Harapan-harapan dari beberapa peminum tentang pengaruh alkohol
mungkin menjadikan suatu isyarat (cues) bagi perilaku agresif. Namun
ternyata proses ini tidak terjadi pada setiap orang tentang apakah alkohol
akan merangsang perilaku agresif. Penjelasan lain menyatakan bahwa
mengkonsumsi alkohol dalam dosis tinggi akan memperburuk proses
kognitif terutama pada informasi yang kompleks dan menyebabkan
gangguan kognitif (cognitive disruption), yaitu mengurangi kemampuan
seseorang untuk mengatasi atau bertahan dalam situasi-situasi yang sulit.
Gangguan kognitif ini khususnya mempengaruhi reaksi terhadap isyarat-
isyarat (cues) yang samar sehingga lebih mungkin mereka akan melakukan
interpretasi yang salah tentang perilaku orang lain sebagai agresif atau
mengancam dirinya (Taylor, dalam Breakwell, 1998).

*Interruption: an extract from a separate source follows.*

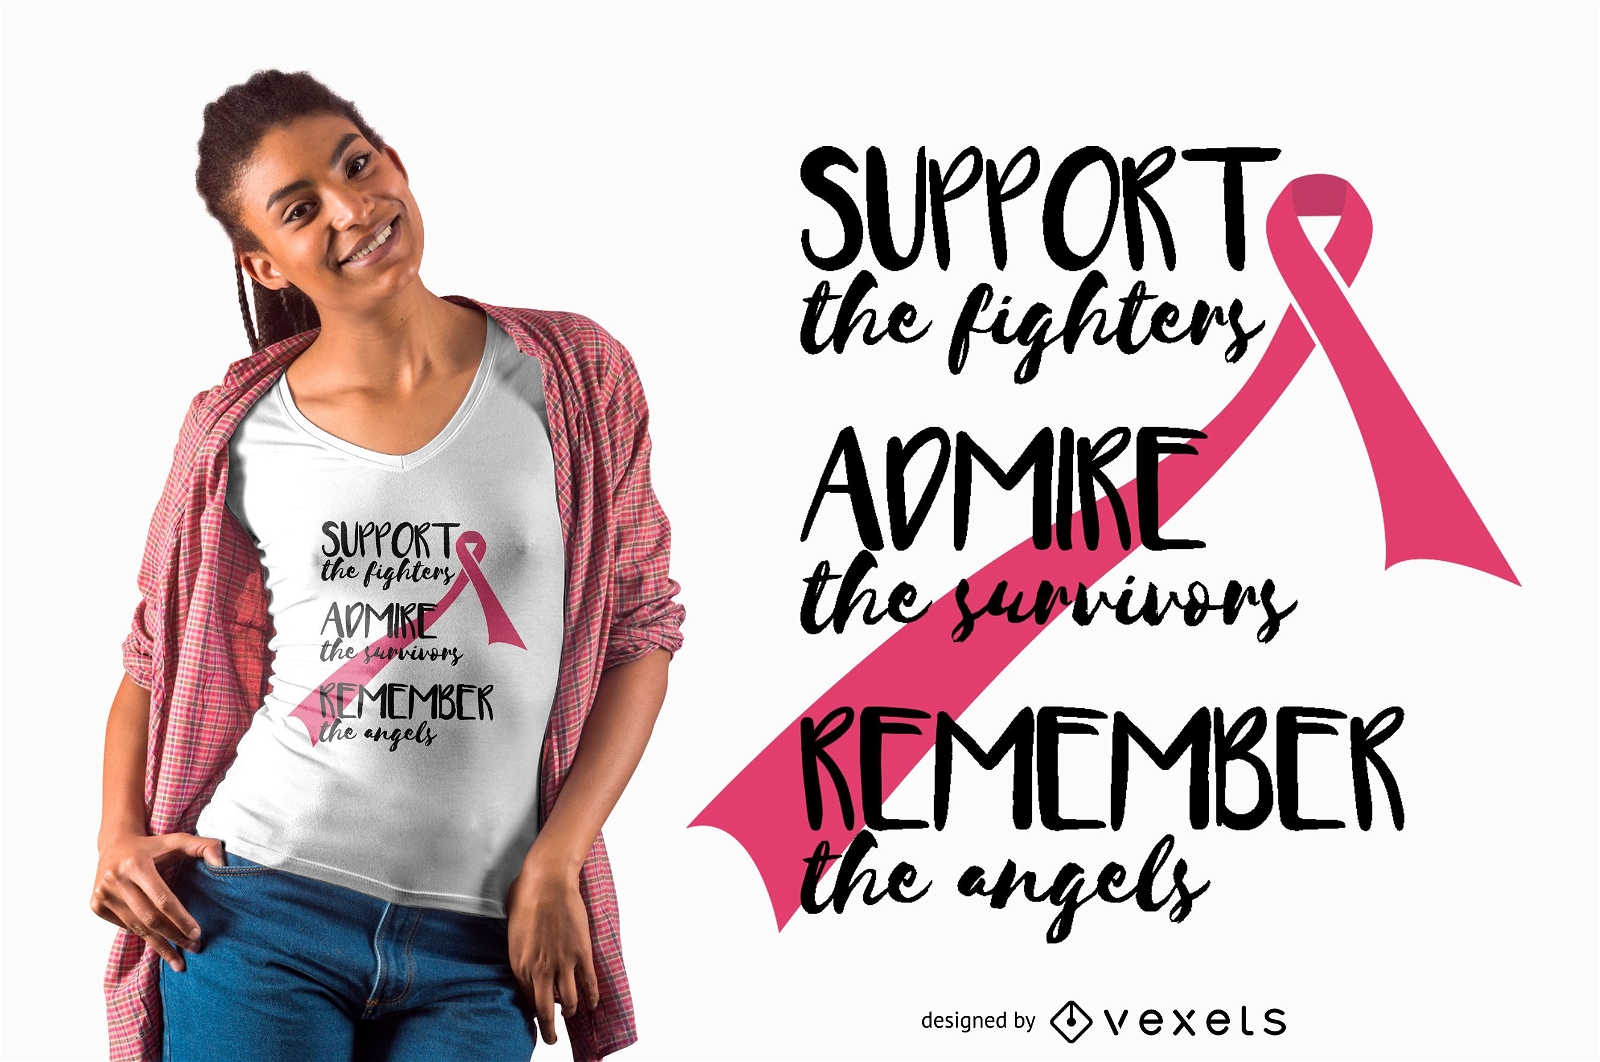 Support the fighters t-shirt design
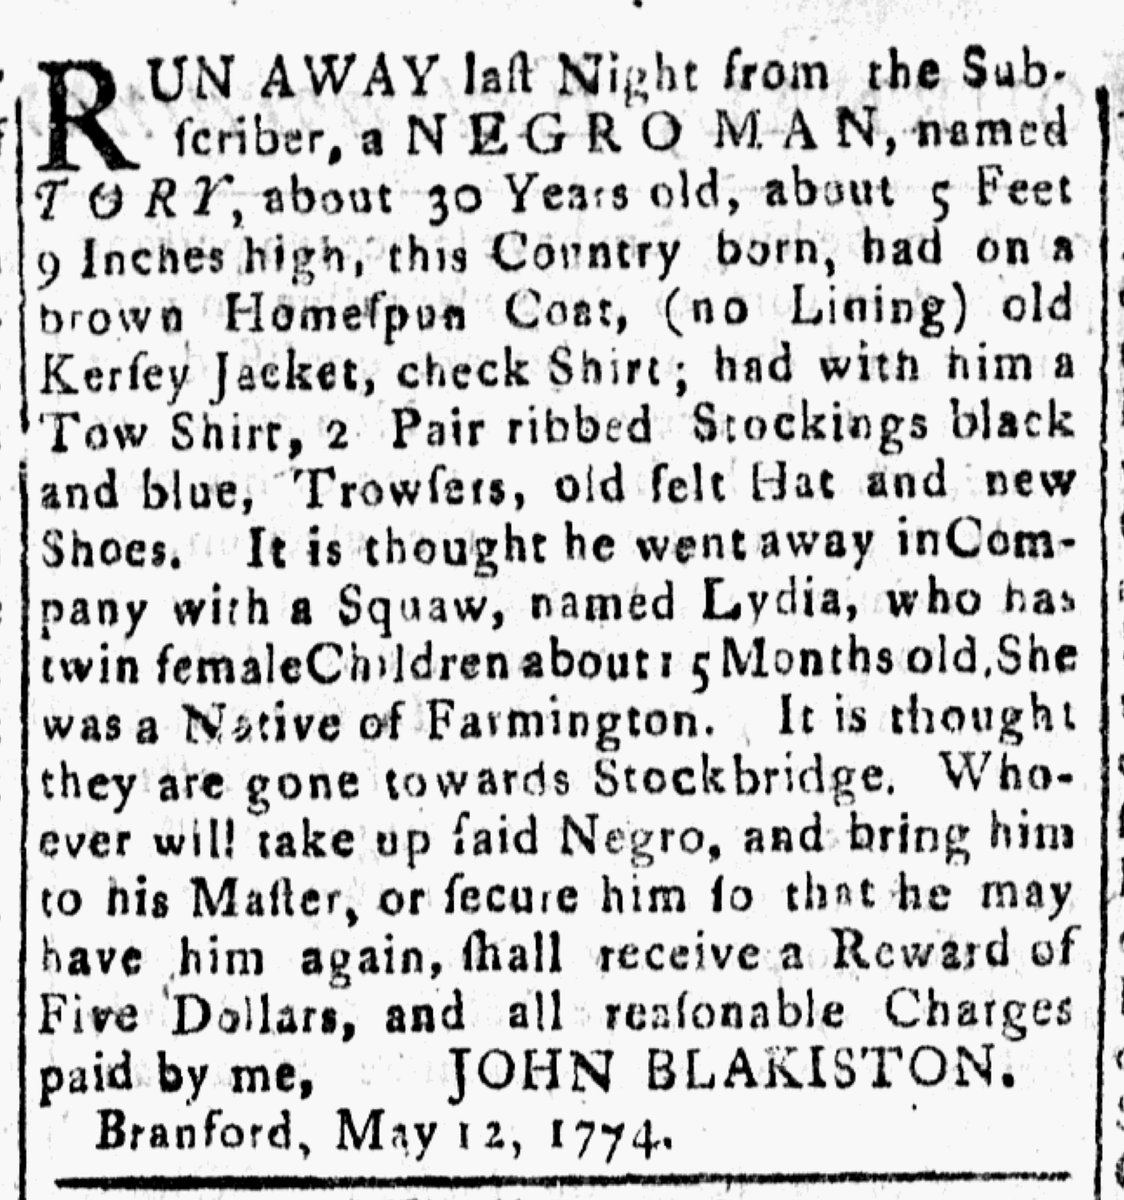 Newspapers published during the era of the American Revolution contributed to the perpetuation of slavery. Advertised 250 years ago today: “RUN AWAY ... a NEGRO MAN, named TORY ... in company with [an Indian], named Lydia.” (Connecticut Journal Extraordinary 5/17/1774)

Berbeda dengan alkohol, marijuana biasanya mengakibatkan
perasaan senang, euphoria, dan jarang dikaitkan dengan tindakan
kekerasan. Akan tetapi phencyllidrine tampaknya berhubungan langsung
dengan kekerasan. Tindakan kekerasan terjadi segera setelah
mengkonsumsi atau selama dalam pengaruh obat itu. Sedangkan
barbiturates tampaknya menimbulkan perasaan mudah terangsang
-
34
(irritability), permusuhan dan agresi terbuka. Streroids yang digunakan
para atlit untuk meningkatkan kemampuan ternyata dalam dosis besar
dapat meningkatkan reaksi kemarahan, demikian pula cocaine sering
digunakan dalam kekerasan instrumental (suatu bentuk kekerasan yang
dilakukan untuk memperoleh uang yang pada gilirannya digunakan untuk
membeli obat-obat terlarang) yang mempunyai efek menimbulkan
paranoia dan meningkatkan agresivitas 15-20% pada penggunanya,
khususnya bila digunakan bersama-sama dengan alkohol (Brigham, 1991,
dalam Dayakisni dan Hudaniah, 2009). Mengingat kebanyakan obat-obat
demikian adalah ilegal dan mahal harganya, maka para pengguna
seringkali melakukan agresi instrumental untuk memperoleh uang guna
mendukung kebiasaannya.
Kemudian menurut Breakwell (1998) faktor-faktor pemicu perilaku agresi
paling umum adalah sebagai berikut:
a. Intensifikasi rangsangan permusuhan.
b. Awal kehilangan kendali yang diakibatkan oleh obat-obatan dan
sebagainya.
c. Kesadaran tiba-tiba bahwa tidak ada pilihan alternatif selain
penggunaan kekerasan.
d. Adanya isyarat-isyarat yang menunjang kekerasan, misalnya:
hadirnya orang-orang lain atau anggota-anggota kelompok sebaya
yang dipandang merestui kekerasan.
-
35
e. Meningkatnya kesadaran bahwa tindak kekerasan dapat diganjar
dengan penghargaan.
f. Penggunaan kata-kata yang dikenal provokatif bagi orang yang
bersangkutan (kata-kata ini sering disebut ejekan).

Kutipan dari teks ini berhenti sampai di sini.